Napping linked with dementia and having dementia also linked with more frequent naps

18 March 2022

Scientists in the US have suggested that those who nap more frequently when they get older are more likely to get dementia, but those who have dementia are more likely to nap.

Daytime napping was classed as sleeping for periods at any time between the hours of 9:00 and 19:00. This was based on sleep activity measured on a wristwatch.

Dr Susan Mitchell, Head of Policy from Alzheimer’s Research UK, said
“Unusual sleep patterns are common for people with dementia, but research suggests that sleep changes could be apparent long before any symptoms like memory loss start to show.

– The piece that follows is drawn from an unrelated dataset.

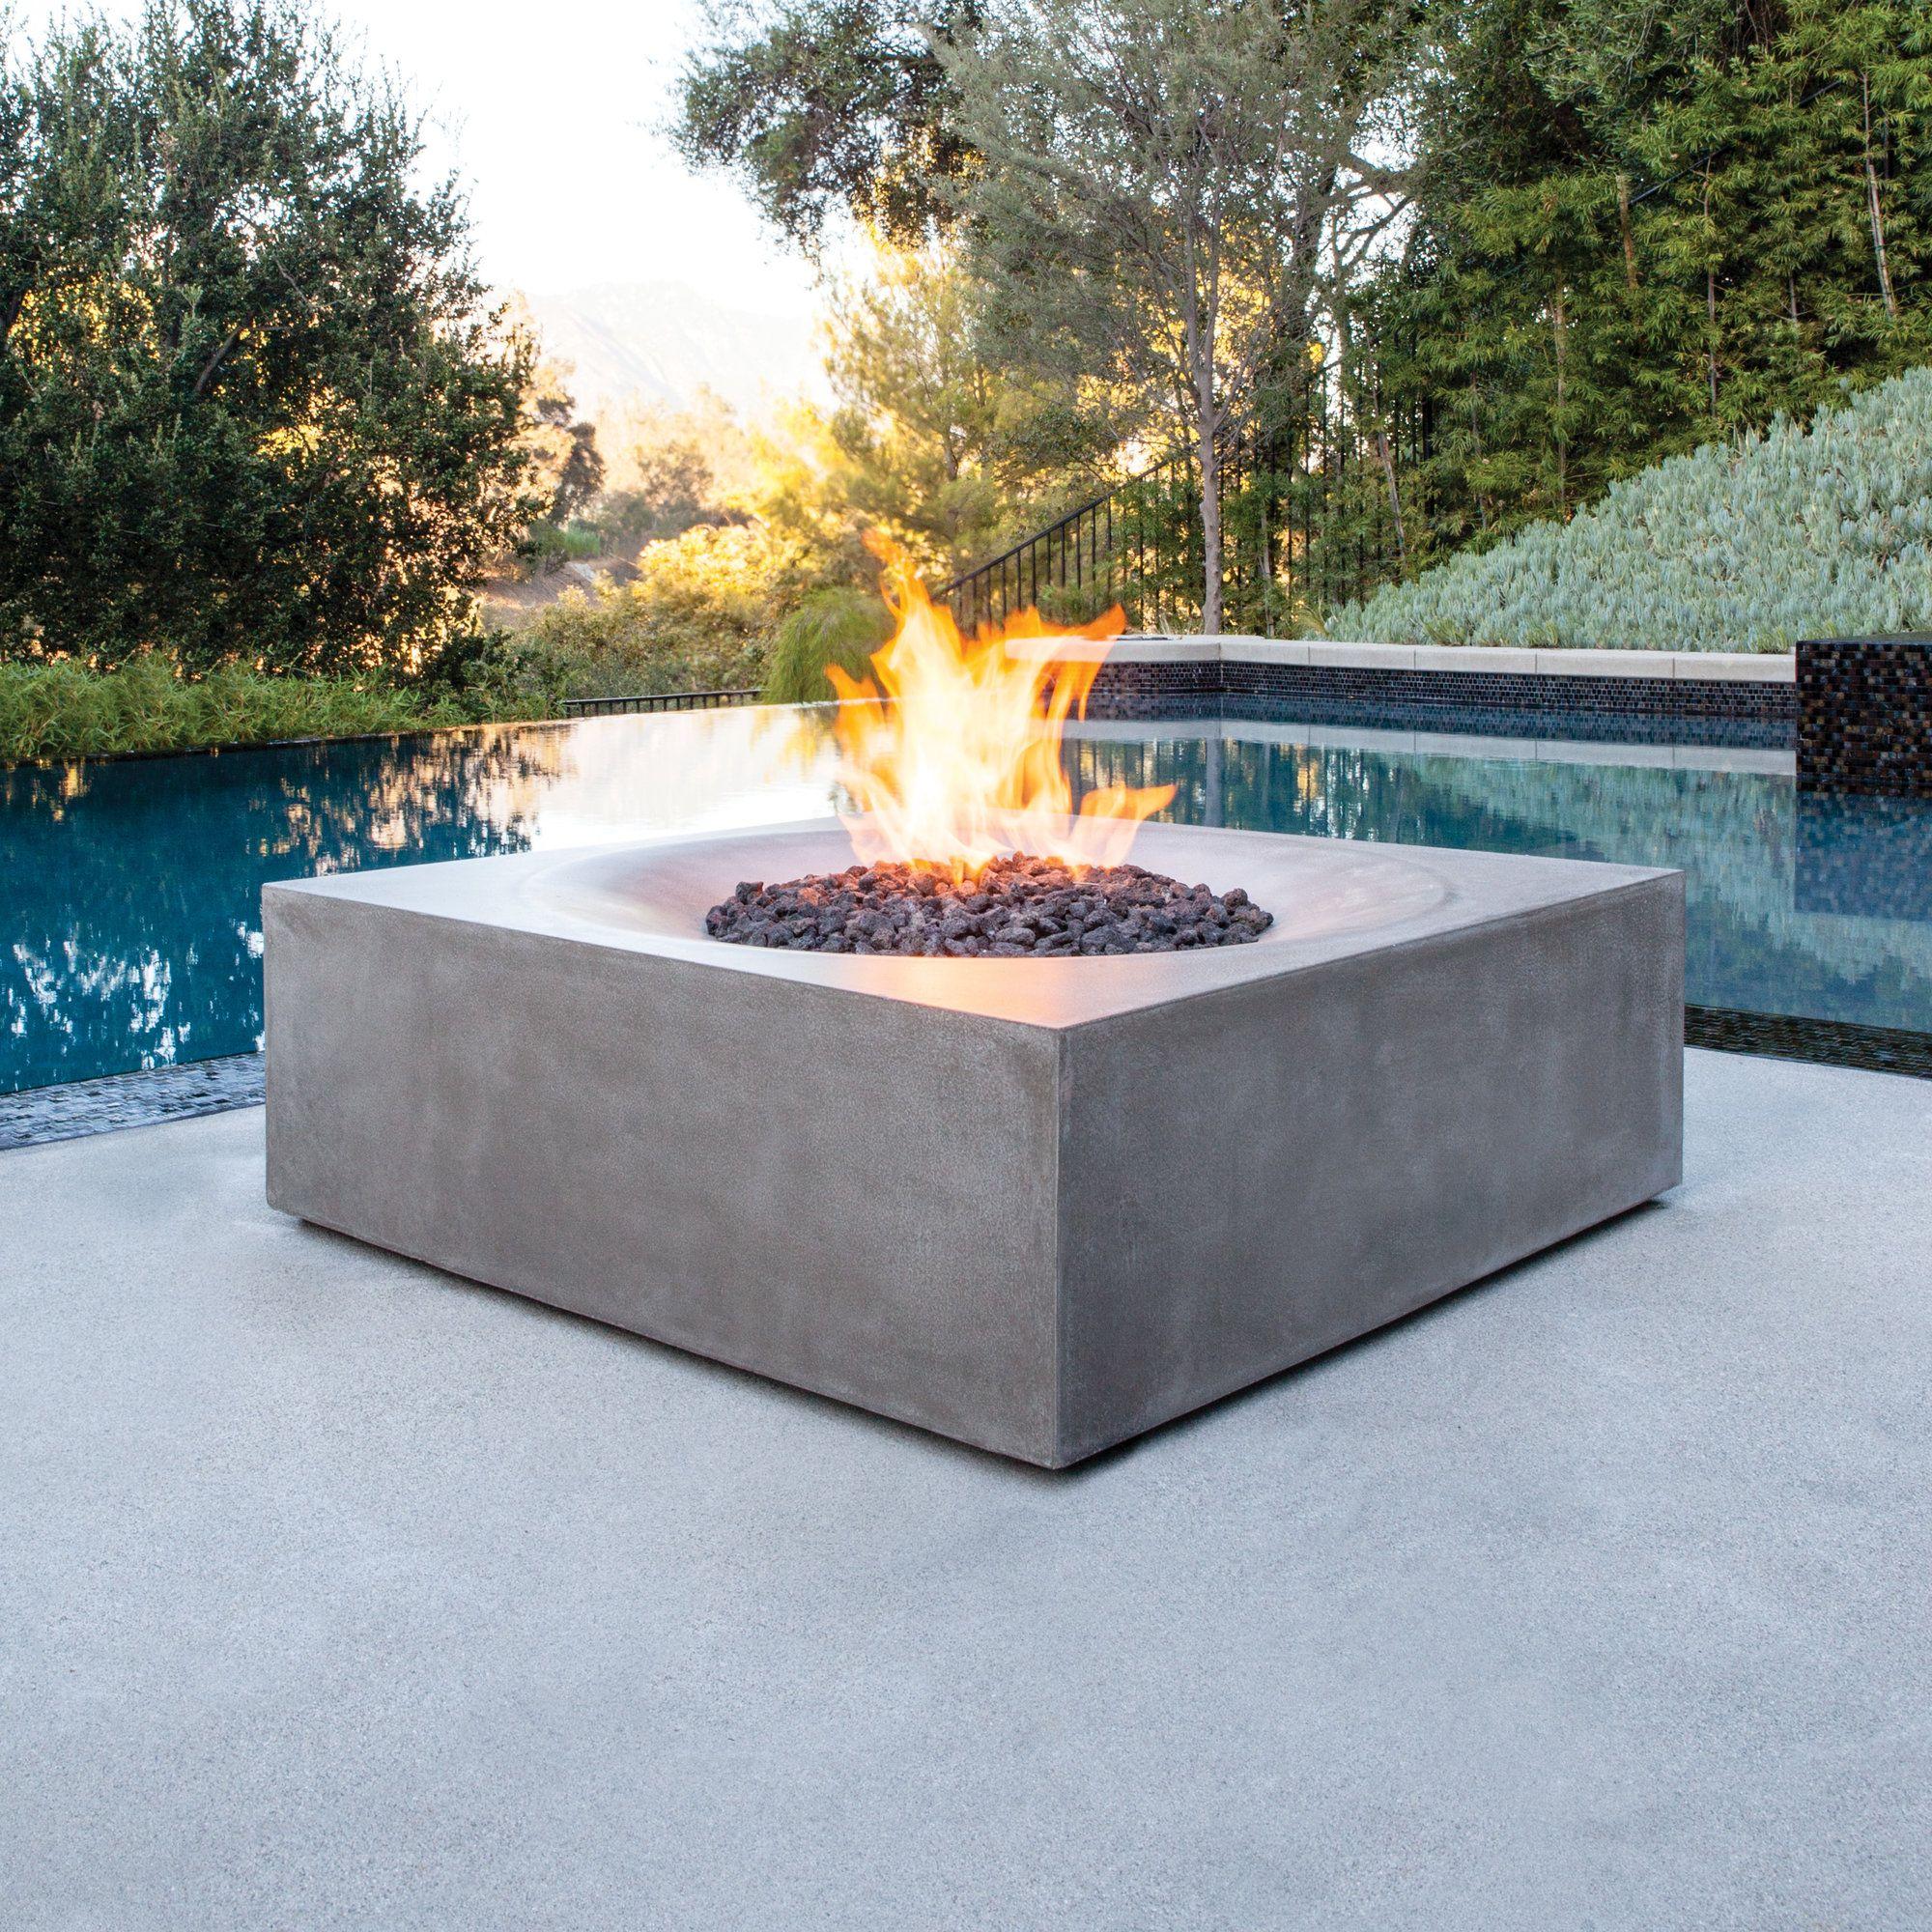 Solstice Concrete Gas Fire Pit Table Terrassenmobel Terrasse Garten

“In this study of older people, the development of Alzheimer’s looks to increase the need to nap, more so than aging alone. Researchers also found frequent naps were linked with an increased risk of cognitive decline a year later and a higher risk of dementia.

“While this study goes further than previous research looking at the impact of daytime sleep and dementia risk, it still cannot fully tease apart cause and effect. Other studies have also indicated a link between changes in sleep quality, but work looking at a number of sleep-related factors, not just napping, is needed to paint a clearer picture about the link between dementia and sleep throughout the day. People tend to nap more as they get older and this isn’t necessarily a sign of any problem.

“There is no sure-fire way to prevent dementia, but there are things within our control that can reduce our risk. The best evidence suggests that not smoking, only drinking in moderation, staying mentally and physically active, eating a balanced diet, and keeping cholesterol and blood pressure levels in check can all help to keep our brains healthy as we age.”